Material provided:
☆ ☆ ☆ ☆

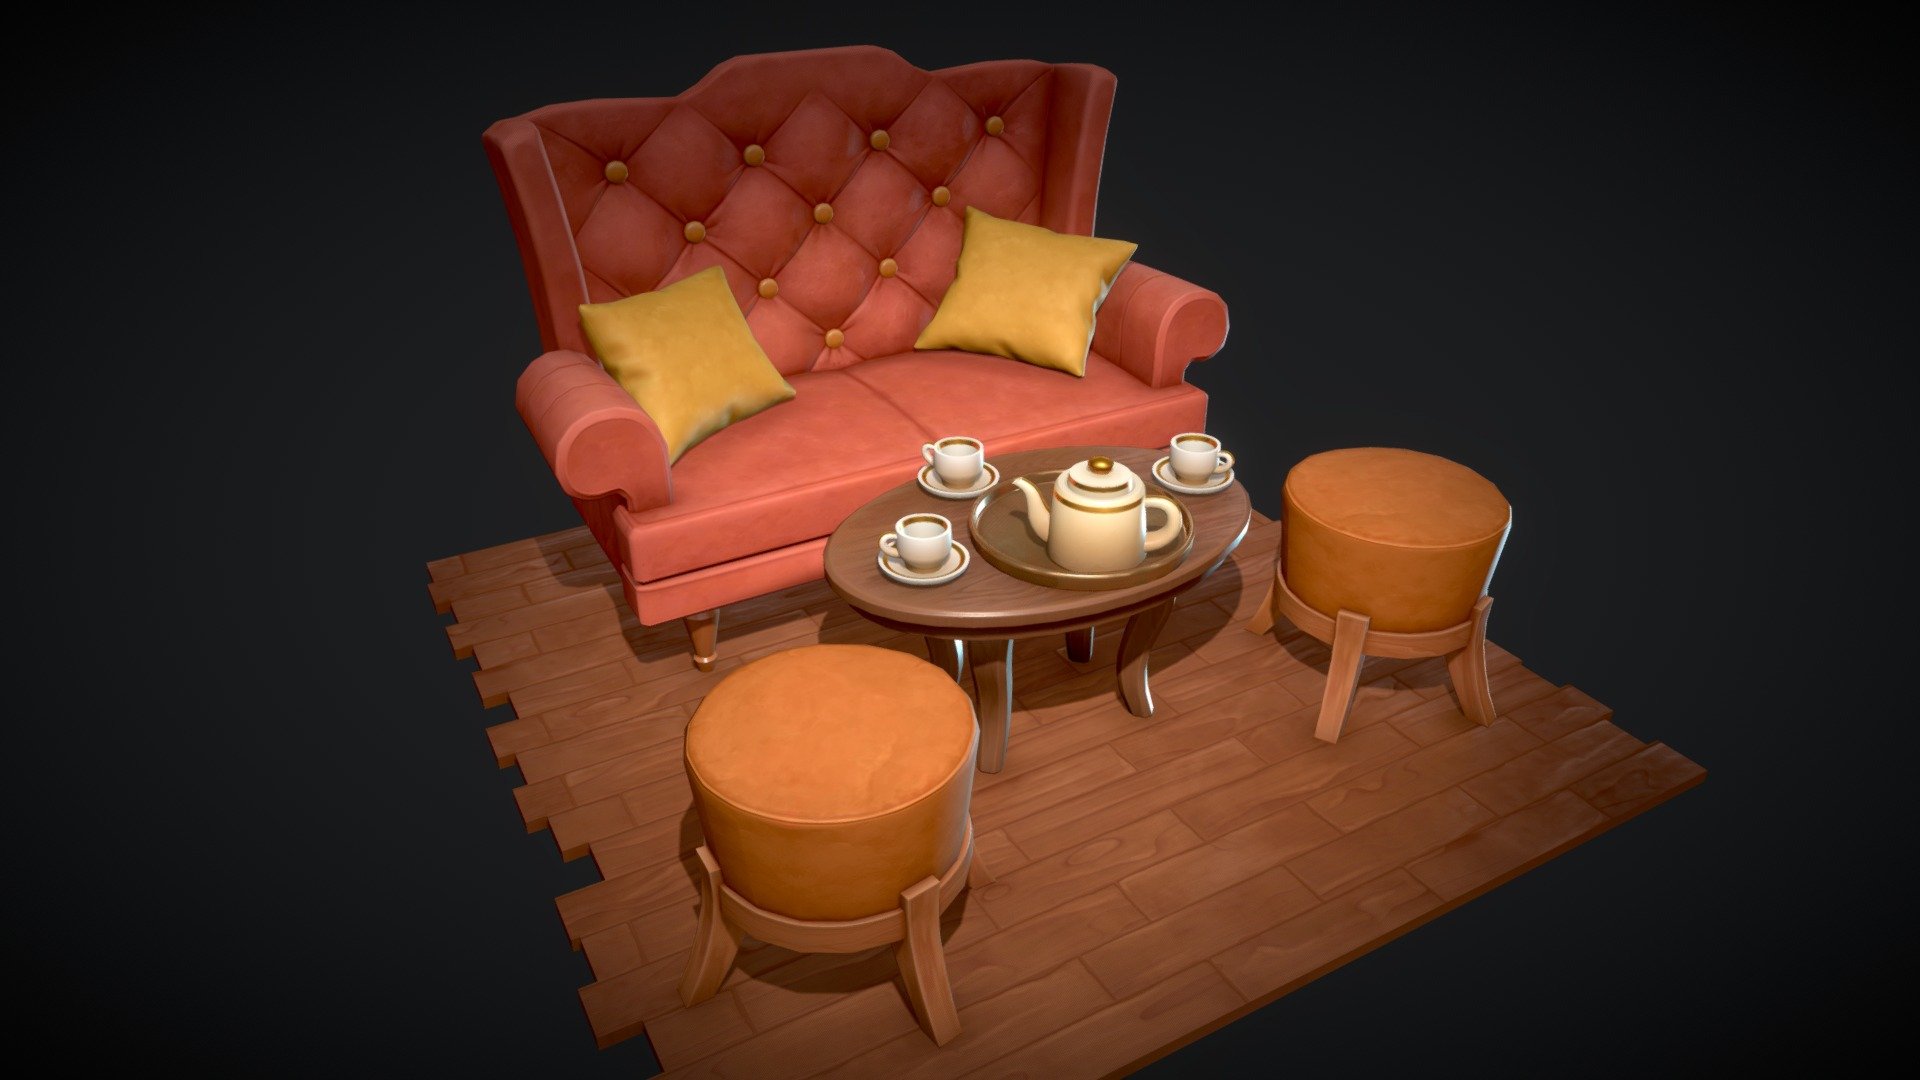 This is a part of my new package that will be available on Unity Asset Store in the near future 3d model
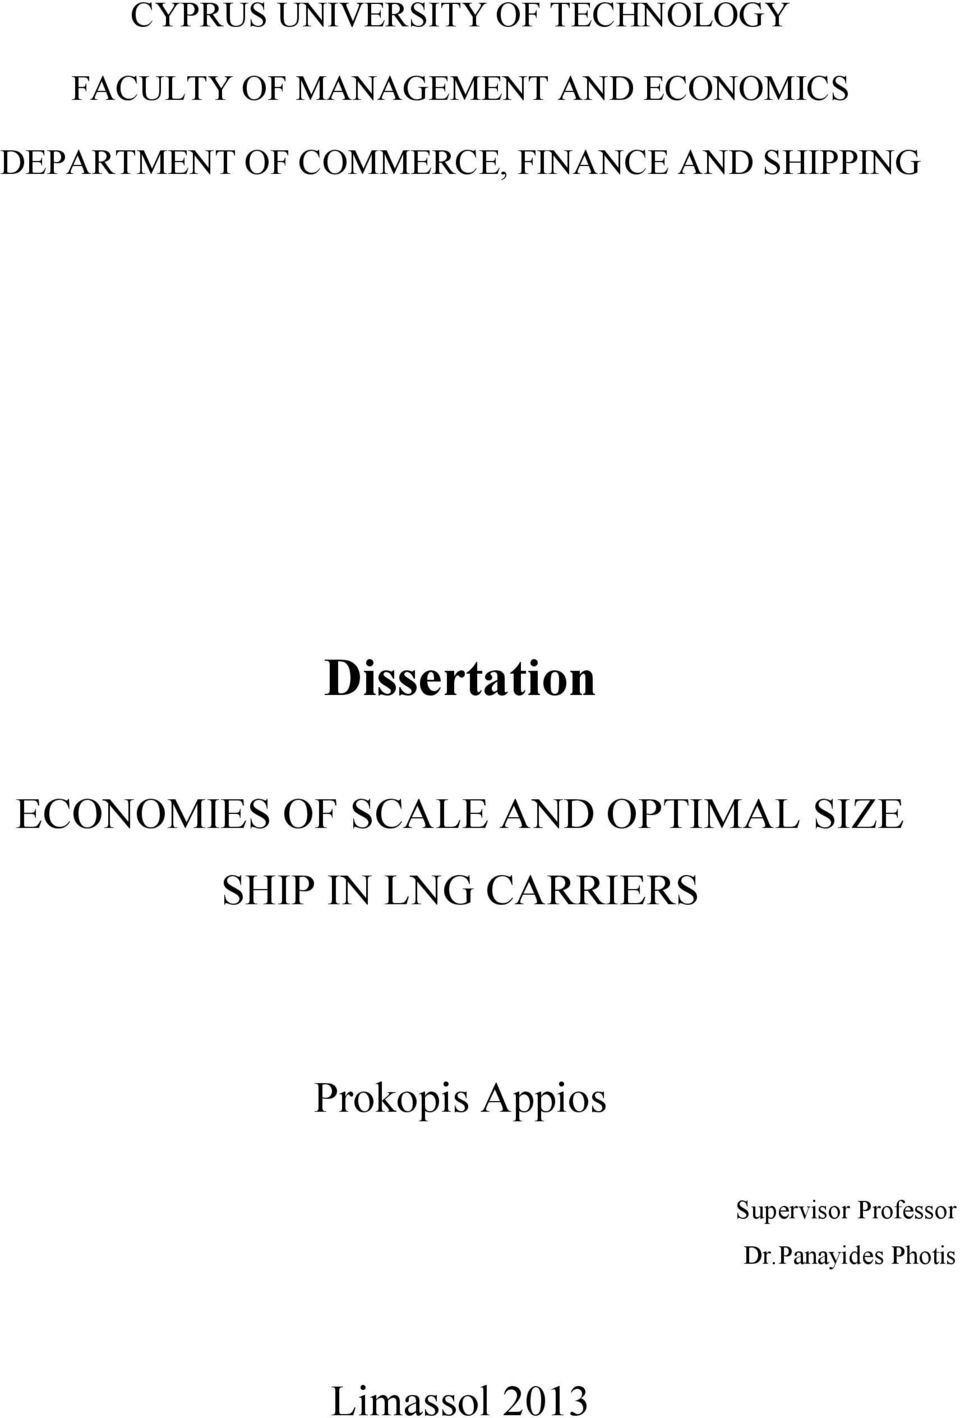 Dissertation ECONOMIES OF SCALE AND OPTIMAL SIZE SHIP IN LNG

☆ ☆ ☆ ☆

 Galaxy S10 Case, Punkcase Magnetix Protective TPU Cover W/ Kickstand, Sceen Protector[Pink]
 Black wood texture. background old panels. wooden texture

☆ ☆ ☆ ☆

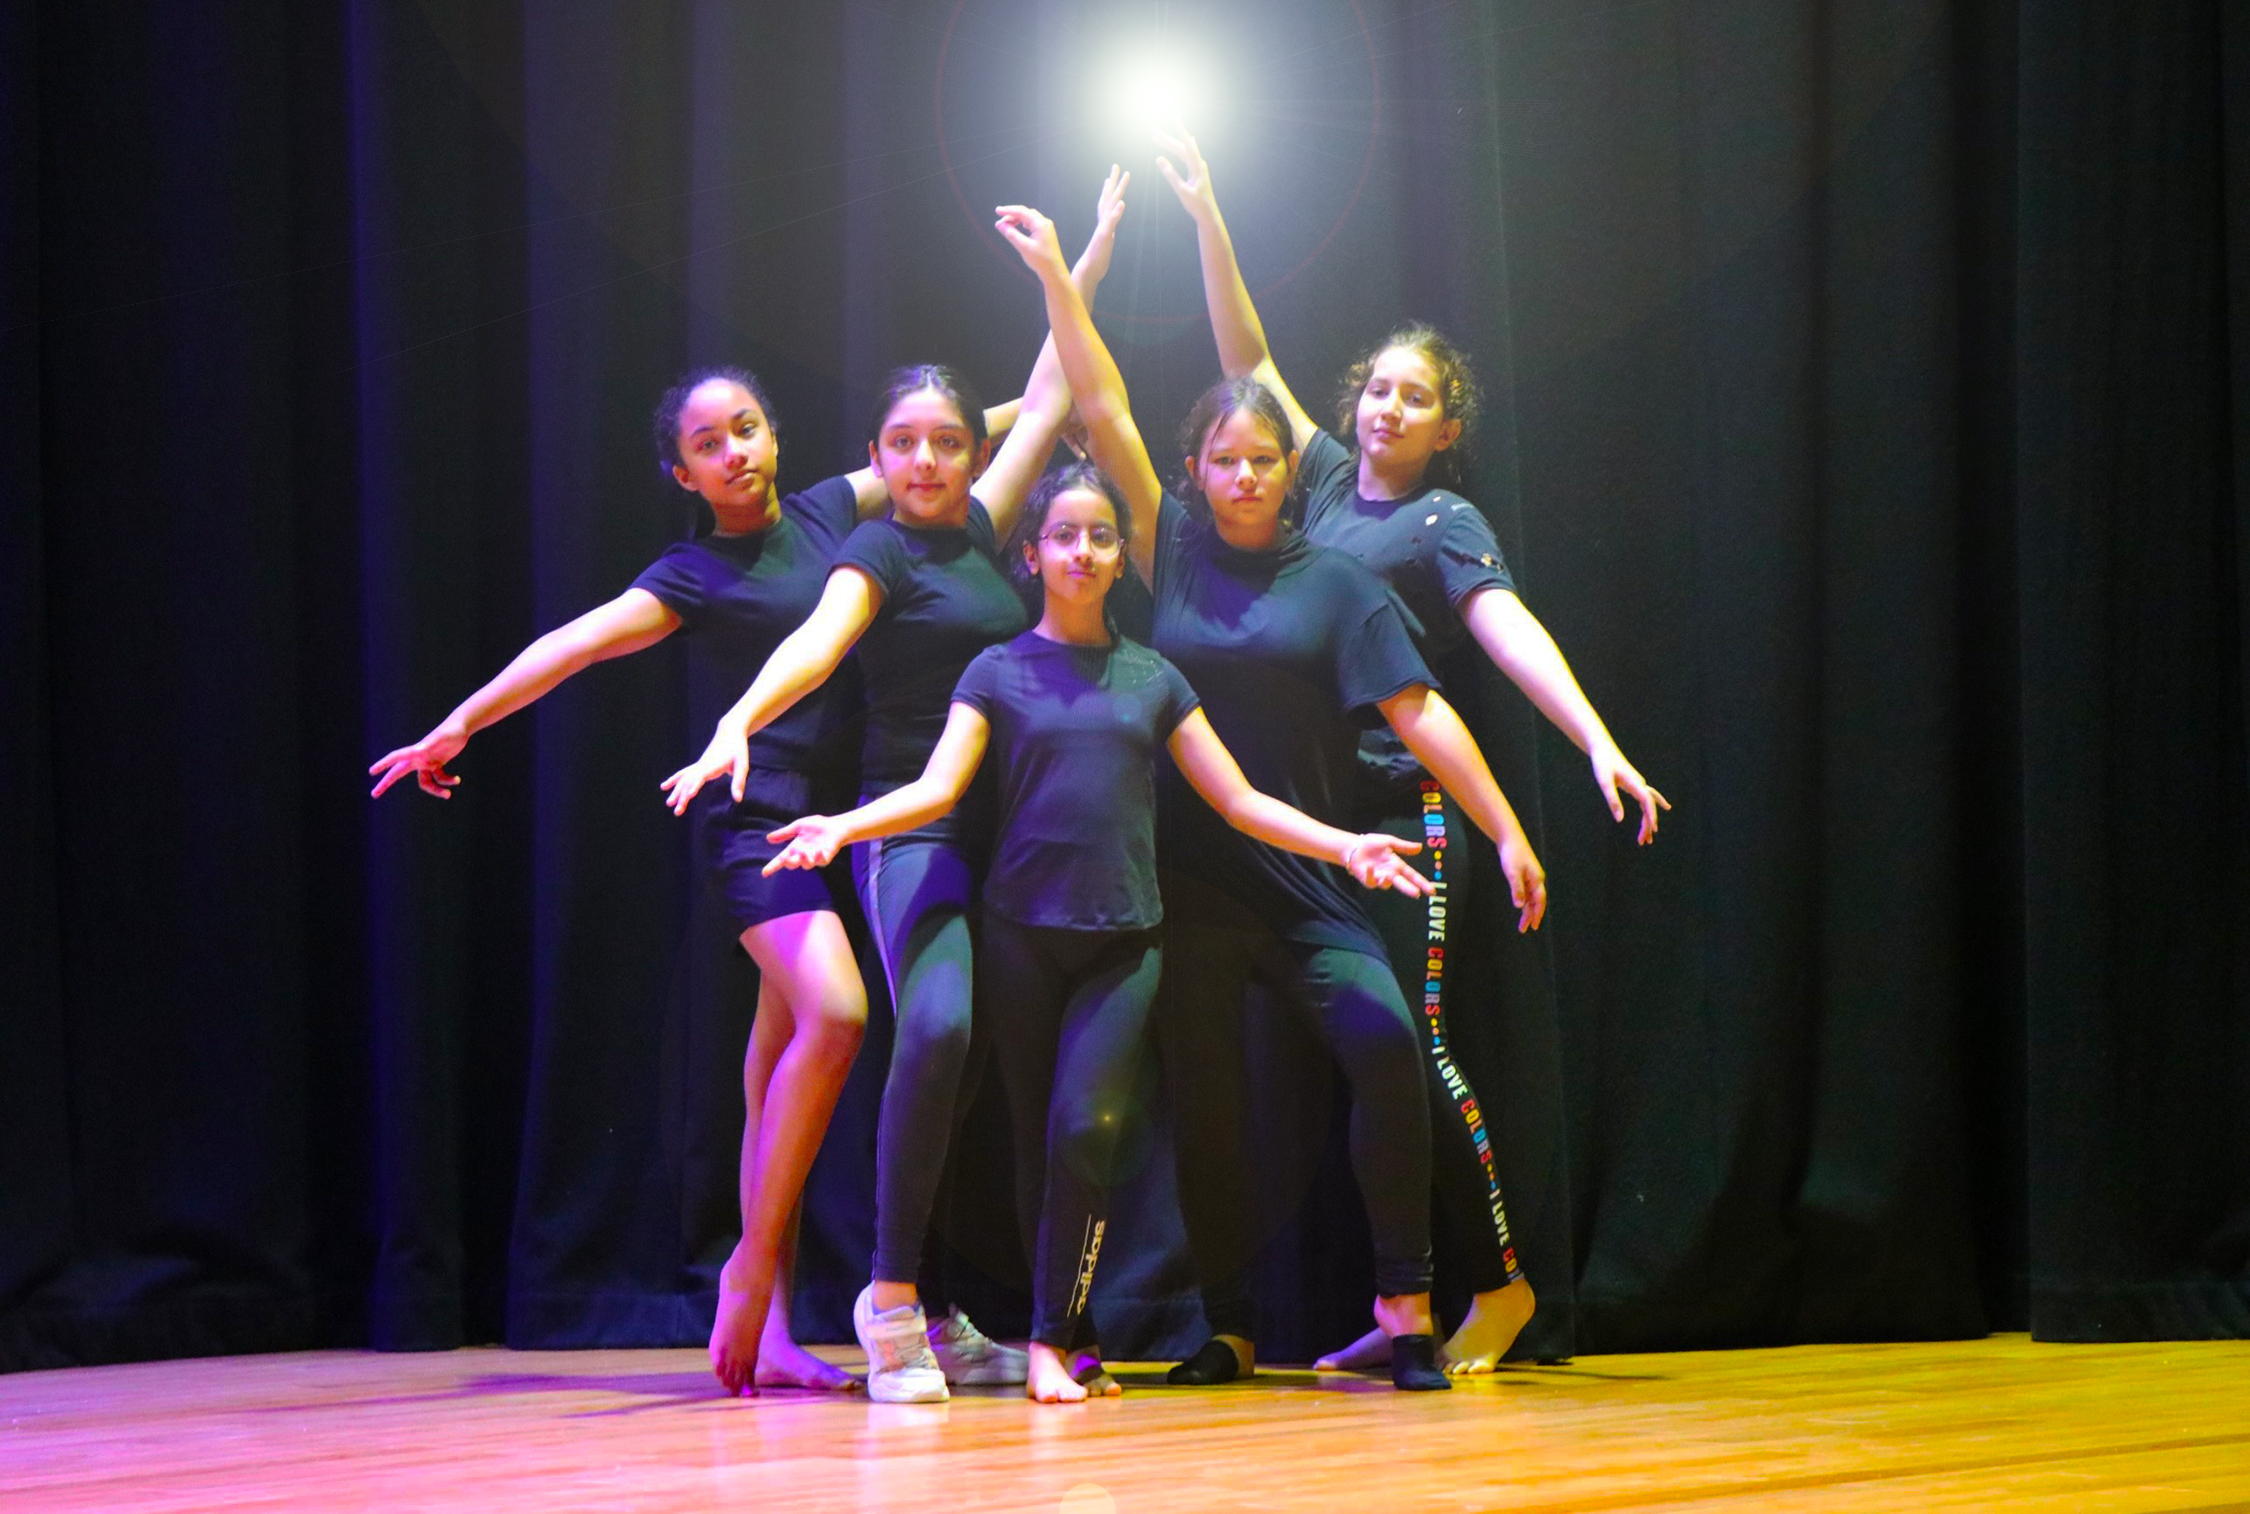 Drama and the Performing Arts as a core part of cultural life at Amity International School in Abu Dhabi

☆ ☆ ☆ ☆

Instructions for the task:
From the line with "This is a part" up to and including the line with "Dissertation ECONOMIES OF" above, retype every line exactly and nothing more; leave out the pictures.

Exercise response:
 This is a part of my new package that will be available on Unity Asset Store in the near future 3d model
 Dissertation ECONOMIES OF SCALE AND OPTIMAL SIZE SHIP IN LNG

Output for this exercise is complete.